In my application, there are multiple host threads consuming a work queue. Each thread uses CUDA streams to do asynchronous copies, kernel launches and so on. For each task is large, a host thread needs rather a long time to evaluate and process the results returned by device side. That is why I want to use multiple host threads to occupy the CUDA device (a Tesla P100, in fact) in turn and reduce the idle time of GPU. There will be a lot of memory movement operations on host side. I wonder if these memory operations in each thread limit the available memory bandwidth for host-device memory transfers (although pinned memory is used).
Will you please point out whether my idea has something wrong or give some suggestions? Thanks again.

Intel lists the Xeon E5 2680 processor as an octa-core CPU with four-channel DDR3 interface, providing 51.2 GB/sec system memory throughput when using DDR3-1600:


I didn’t even know you can run these CPUs with just a single memory channel. You can measure the bandwidth of the system memory with the STREAM benchmark. I would be surprised if STREAM reports more than 10 GB/sec/channel of usable bandwidth.

The solution to any potential performance impact from lack of system memory throughput seems obvious: populate all four memory channels. Or at least two.

This is a red flag. Based on my reasonably long experience as a software engineer, there are exactly two questions that are almost always indicative of a software design problem: (1) How can I copy data faster? (2) What is the fastest way to invert a matrix? In both cases the best top-level answer is: You probably shouldn’t do that (i.e. moving data around, inverting matrices).

Is the application of a streaming nature? If so, where is the source data ultimately coming from? Has the application been carefully profiled? Does profiling indicate that data movement is the primary bottleneck?

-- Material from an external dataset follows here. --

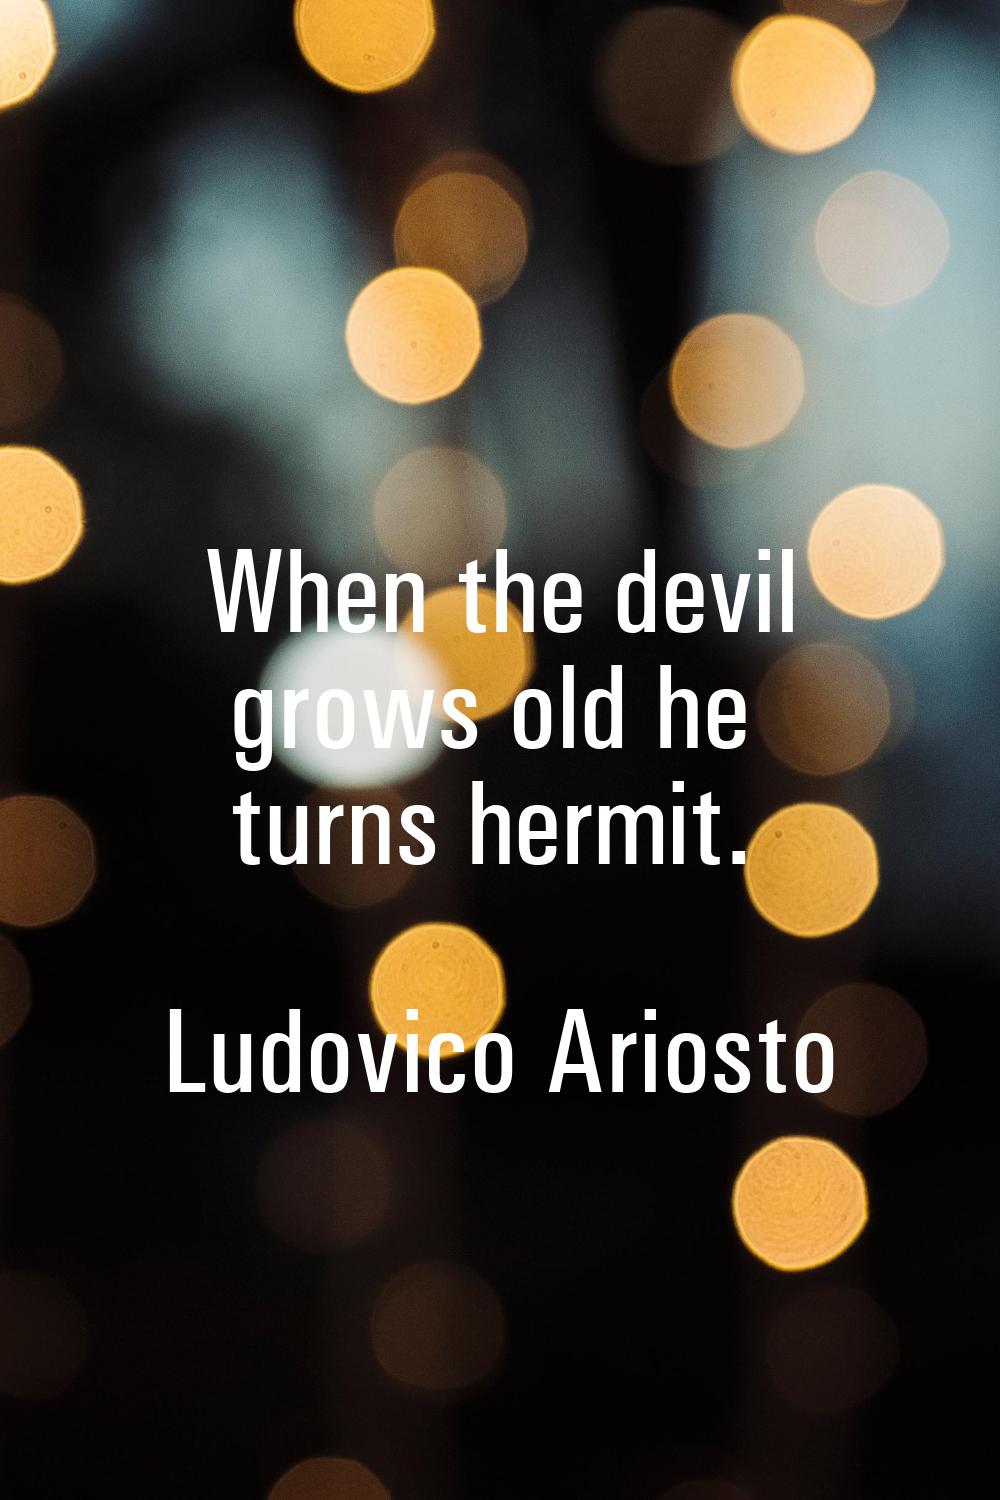 When the devil grows old he turns hermit.

The host memory bandwidth was benchmarked and proved to be a little low. So maybe to test the application on system with larger memory bandwidth will be a reasonable choice.
And for the mechanism of current application, yes, it is true that one should always avoid the movement of data. But for our circumstance, the work queue contains batches of data generated by an initializer during startup stage. After that, the host threads continuously consume the batches in the queue and process the batch using GPU. The returned batch should be re-collect to form new batches, each of which must contain data without divergence so they can be efficiently processed by GPU again. As a result, the re-collection operation (i.e. a memory exchange operation on host side) seems to be necessary.